Sicilian photographer Mimi Mollica is known for his close observations of people and the environments they inhabit, producing community-led photographic exposés that show neither the best nor the worst, but the truth of a place and its people.
With his latest photographic series, East London Up Close, published by Hoxton Mini Press as part of its ongoing endeavour to purvey accessible and affordable photography books, Mimi has truly used his lens like a microscope, capturing extraordinary tableaus of the uniquely contrasting and surprisingly harmonious across the vivid backdrop of East London.
The result is an ecstatic, joyful and candidly awkward capture of a diverse community that has an almost evidential and confrontational feel. With a tone that is both uncomfortable and familiar, it is as if we are being granted access to something that we’ve been ignoring all along: all ingrained with spontaneity and liveliness found in the streets, people, architecture, wildlife and warmth that, similarly to Mimi, calls East London their home.

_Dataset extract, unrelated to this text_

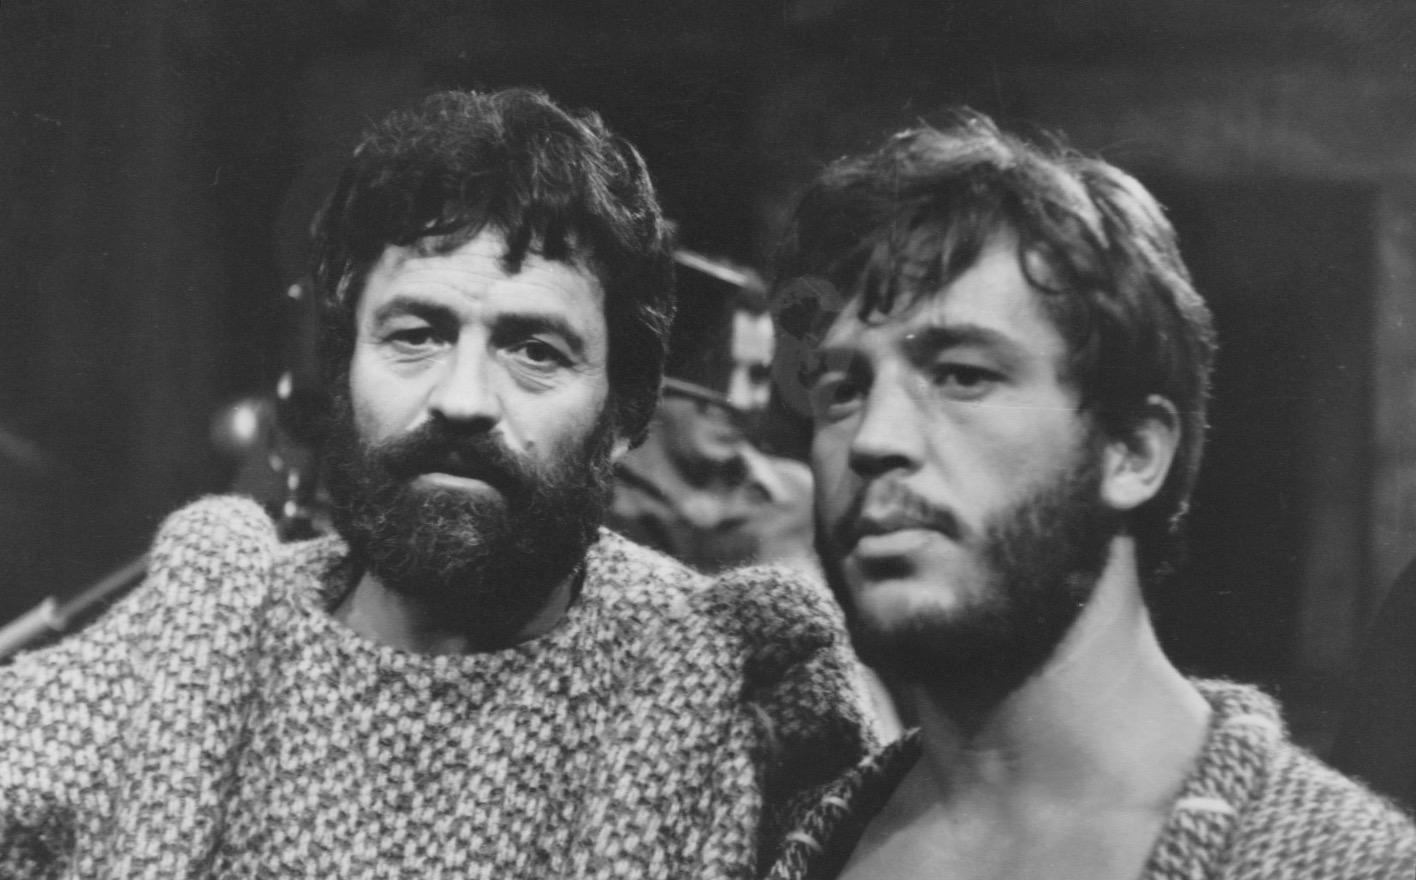 Igor Sunara and Ilija Ivezic in Odissea (1968)

This humanity and giddiness are alive in his portraits and landscapes, where Mimi finds an eclectic authenticity in the smallest scene and beautifully contrasts the aggressive and the soft. In the end, Mimi’s work is fundamentally human; it feels impulsive and instinctual, all whilst finding wonderfully captivating moments in seemingly mundane environments.
East London Up Close is released on 18 March, available from and published by Hoxton Mini Press, featuring an introduction from Rachel Segal Hamilton.